Michela Murgia and the art of living: a personal story

Pitalk about one incurable disease it’s the last one taboo in a society that teaches us neither to live nor to die. We know that sickness and death happen, and we generally hope that they will find us as late as possible. In the meantime, we fill our lives to the fullest so as not to think about it. Michela Mourgia he is perhaps the first public figure to speak courageously about the disease, a terminal cancer. Not an alien to fight, as he called it Oriana Fallaci, but “a part of my complexity.” A definition that changes the narrative of the disease, opening up glimpses of awareness

His posts Michela Mourgia they are the first to appear on my Instagram feed. His story touches me deeply: my father died of skin cancer, melanoma and my aunt died of breast cancer. My mother was waiting for me when my aunt got worse. It can be said that I was born along with the suffering of a loved one’s illness.

The creeping awareness that life is fragile, very fragile, has been with me since I was a child. A heavy, leaden realization

One of Michela Murgia’s latest posts is a photo of the gas meter in Rome lit up at night.
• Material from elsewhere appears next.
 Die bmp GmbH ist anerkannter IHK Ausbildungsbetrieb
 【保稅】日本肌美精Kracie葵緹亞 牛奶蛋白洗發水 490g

It seems to reach towards the sky. What do those who know they have a little longer to live think? What fears pervade the mind and what sensations pass through the body? I have often wondered this, thinking about my dad. Until the end, my mother and I could not understand what he was thinking. In the hospice, where he spent his last days, we refused to let the doctors tell him his condition. He ate, he was calm, he hoped to be out soon (or did he know?). He was a man who never gave up. “It’s your right to know,” we were told. And we denied him that right. Even today I wonder if it was really for the best for him. But anyone who has experienced similar situations knows: in those moments of disorientation and deep anguish, you do what you believe is right. There are no mistakes, only the clumsy and clumsy attempt to react to the realization of the transience of life. To defend himself from the dizziness of pain.

I remember perfectly the day Michela Murgia gave that famous interview to Corriere della Sera in which she revealed her kidney cancer. I read it in one go and immediately knew that Michela Murgia was doing something extraordinary:

by communicating his terminal illness, he was teaching us a life lesson. Indeed, even better: a lesson in joy for life and profound freedom

Because the message contained in that interview was: “I am alive and I am grateful for what life has given me. Illness and death are part of life itself.’ No hard feelings about fate, quite the opposite.

Instead of hiding the disease, Murgia shed light on it as a part of his life, perhaps not even the worst

Something normal, which can happen to anyone, because life is inextricably linked with illness and death. A philosophy I rediscovered by delving into Buddhist thought but had yet to hear echoed in the media. Finally, I thought.

Each of his posts—mostly musings on life and love, with his “queer family” exploding the arrogance of those who claim to know what defines a family—is like a shock, a wake-up call that it reminds me to live each moment intensely knowing it won’t happen again, to train the miracle, to give thanks for the life I have and for the people who are next to me, to love so much and with kindness. To not be limited by the context in which I live and to always exercise my freedom, in all areas. To relieve the mind of useless thoughts, complaints and judgments. To embrace all that life offers me (or at least try to).

And in a system that wants us to be automatic, living crazy is perhaps the most disruptive reminder

But then, Michela Murgia has always been an awkward character. It’s all the way through.